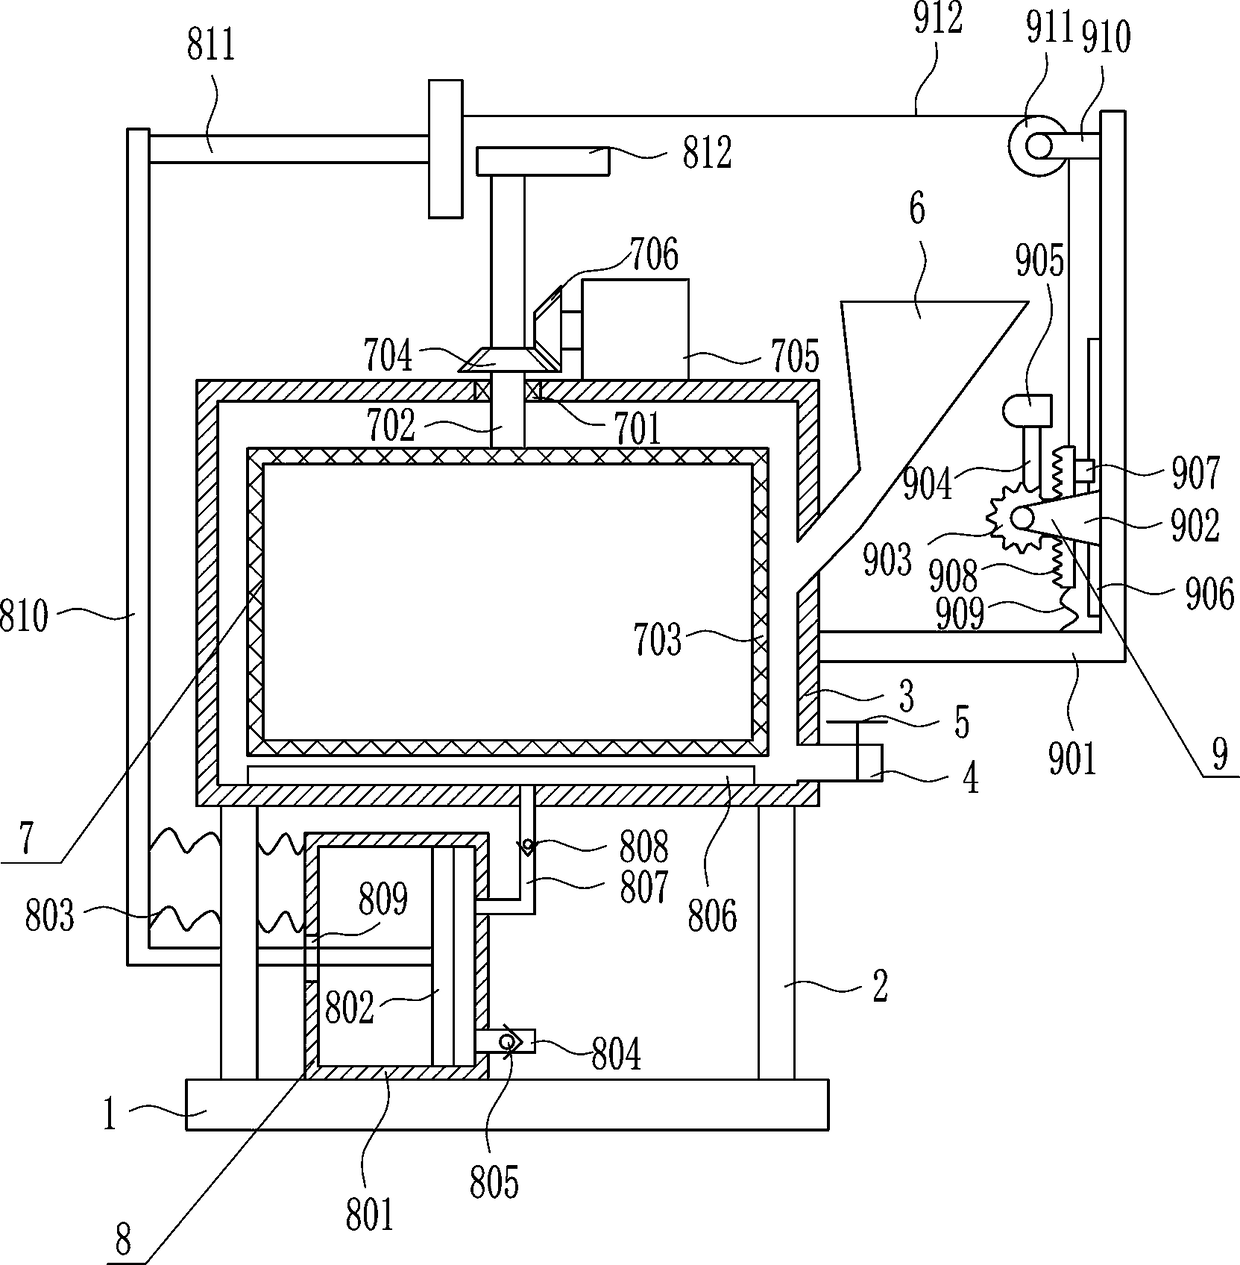 Chemical dye compounding device
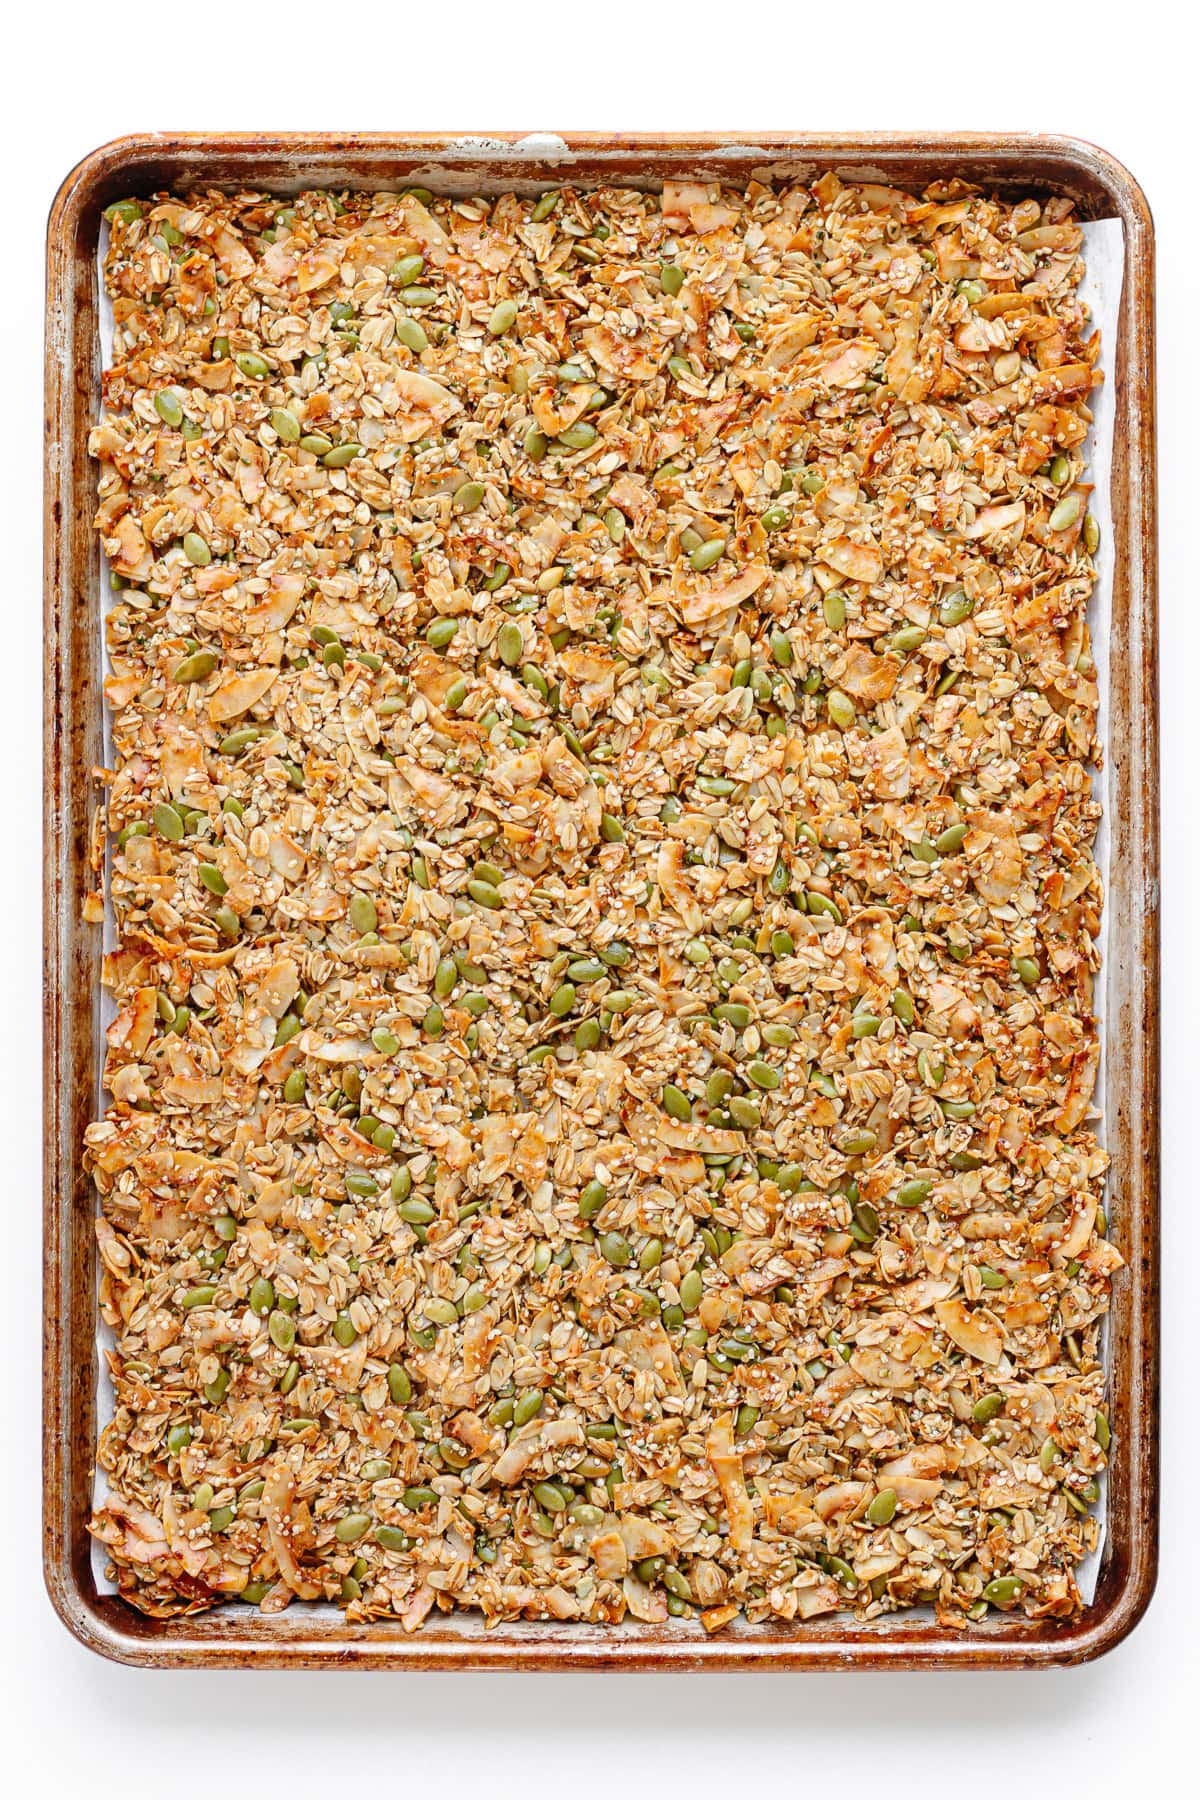 Baked vanilla coconut granola on large baking sheet before being broken up into clusters.
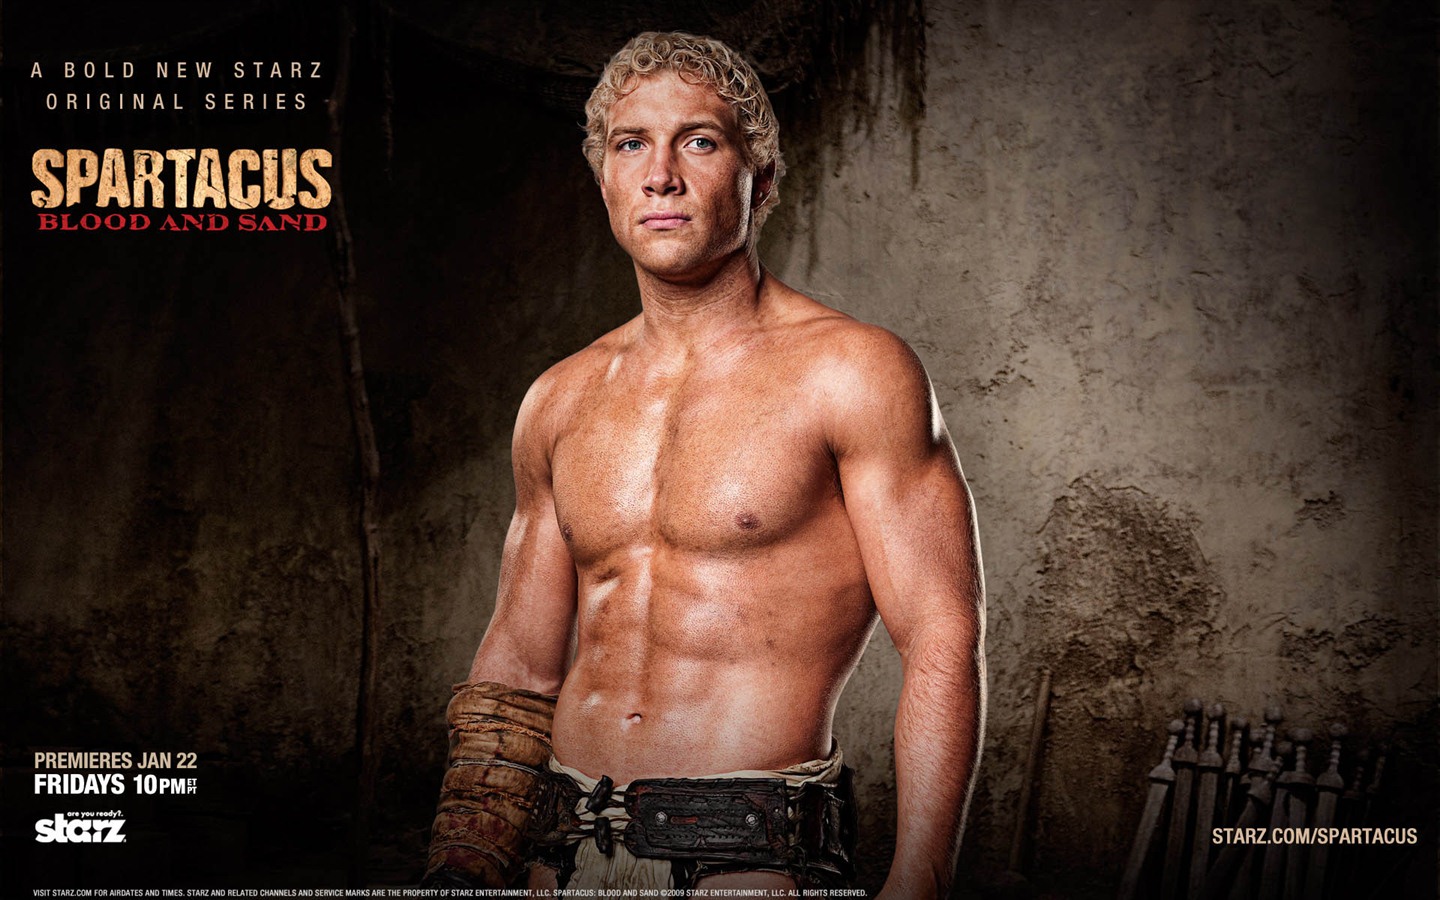 Spartacus: Blood and Sand HD wallpapers #2 - 1440x900
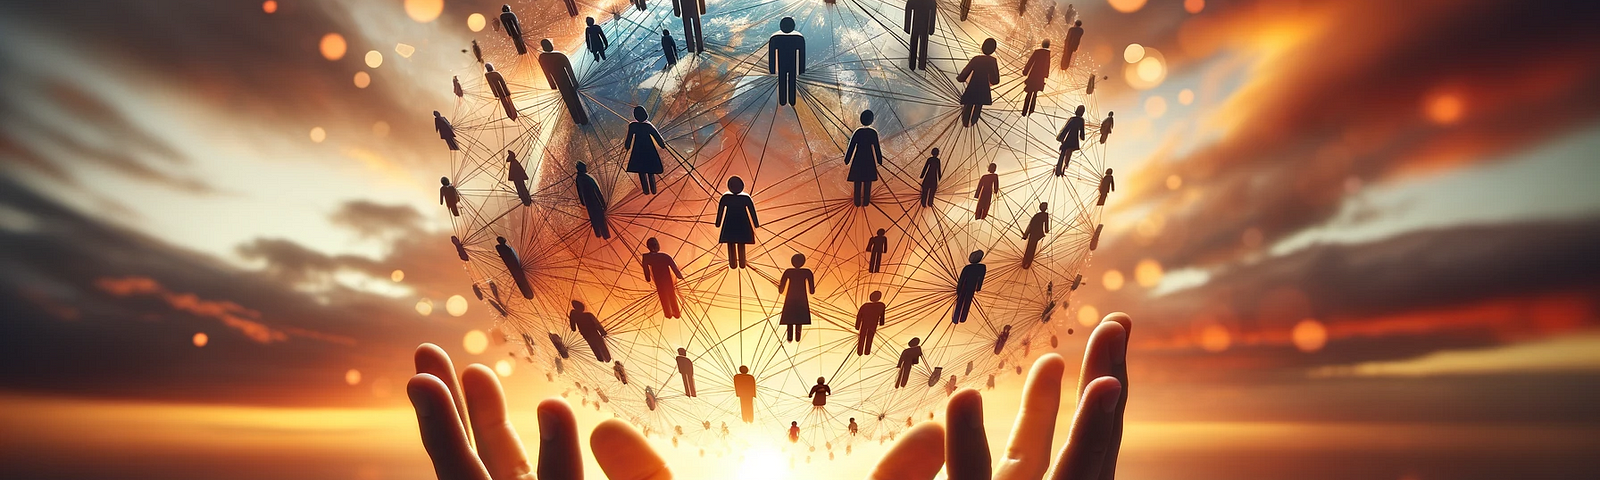 interconnected hands of diverse people, forming a network against a background of a warm sunrise.
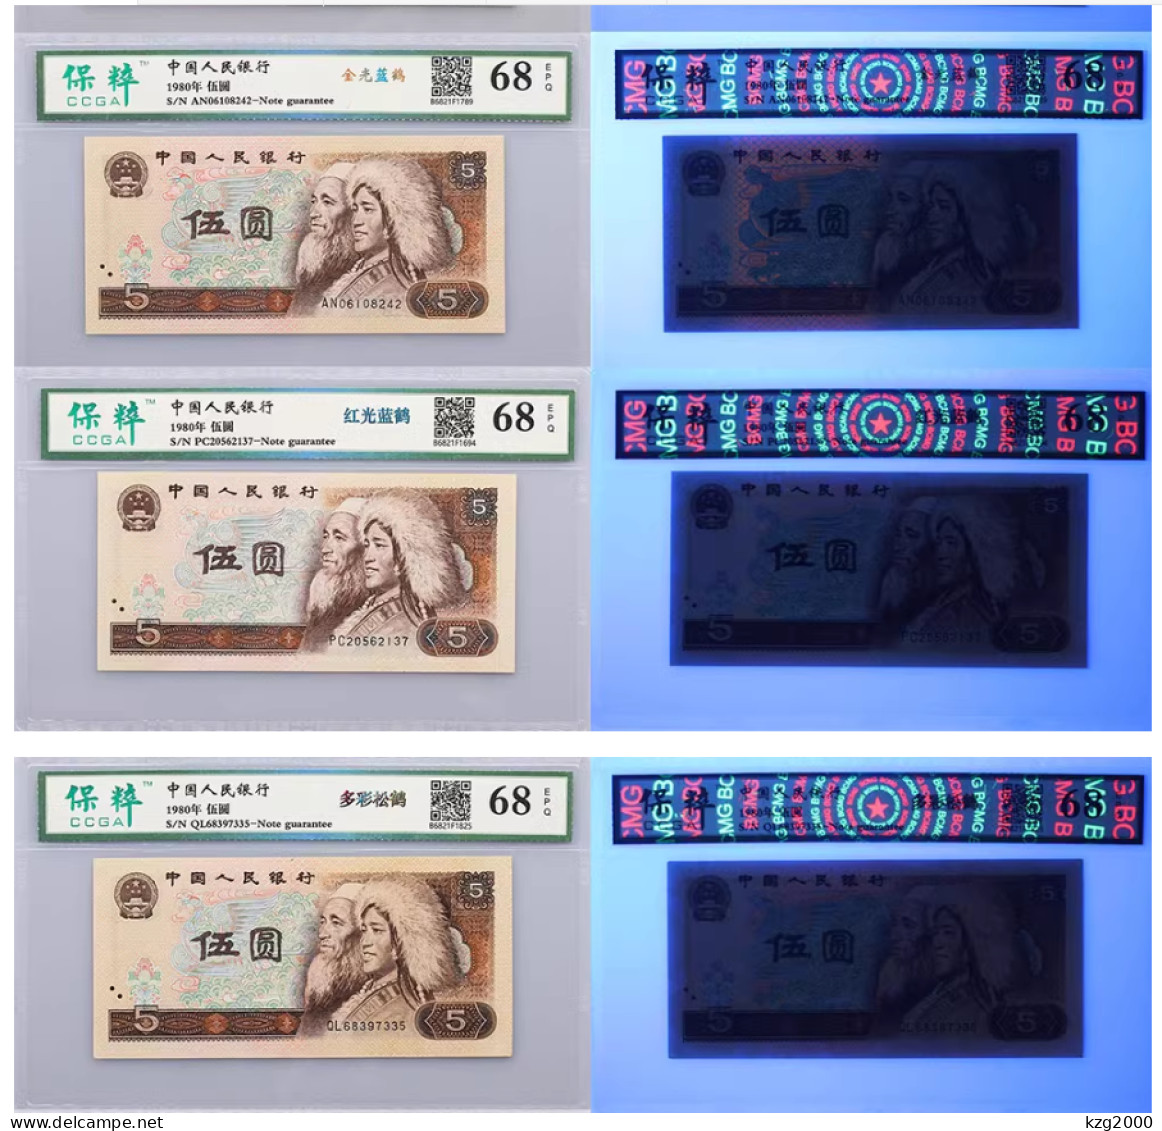 China Banknote 1980 The 4th set of RMB Paper Money Fluorescent version Full set of 27 sheets Banknotes 27Pcs
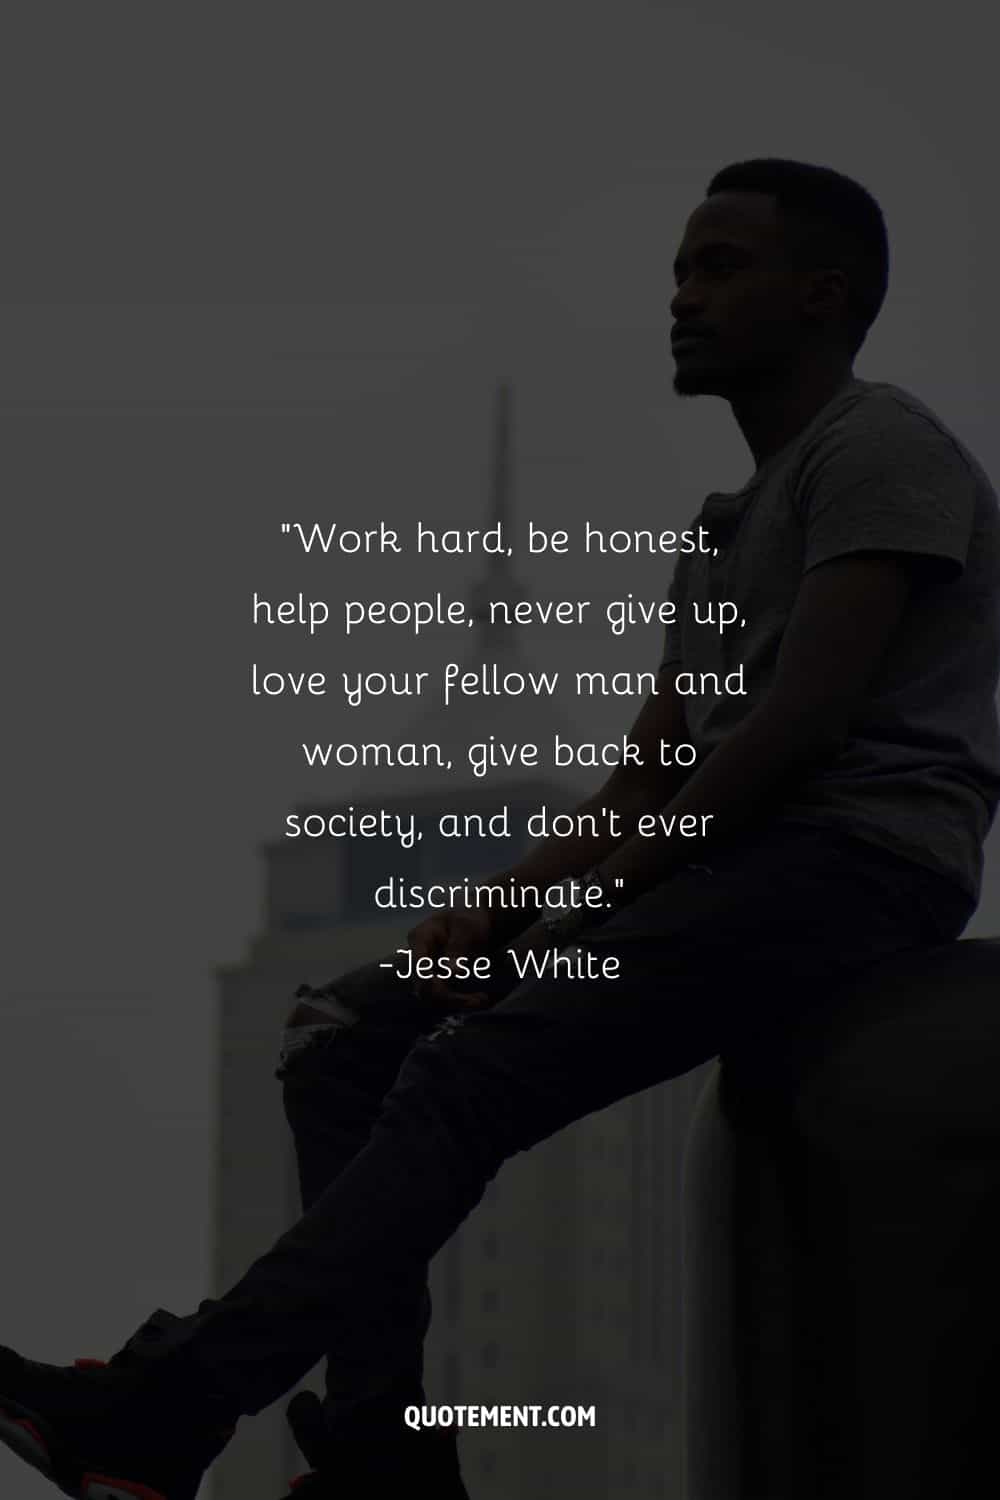 Work hard, be honest, help people, never give up, love your fellow man and woman, give back to society, and don’t ever discriminate

● Assignment:
Return the material as it stands. Leave out the pictures.

● Answer:
 Chemical dye compounding device
 Baked vanilla coconut granola on large baking sheet before being broken up into clusters.
 Spartacus: Blood and Sand HD wallpapers #2 - 1440x900
 interconnected hands of diverse people, forming a network against a background of a warm sunrise.
 China Banknote 1980 The 4th set of RMB Paper Money Fluorescent version Full set of 27 sheets Banknotes 27Pcs
 Work hard, be honest, help people, never give up, love your fellow man and woman, give back to society, and don’t ever discriminate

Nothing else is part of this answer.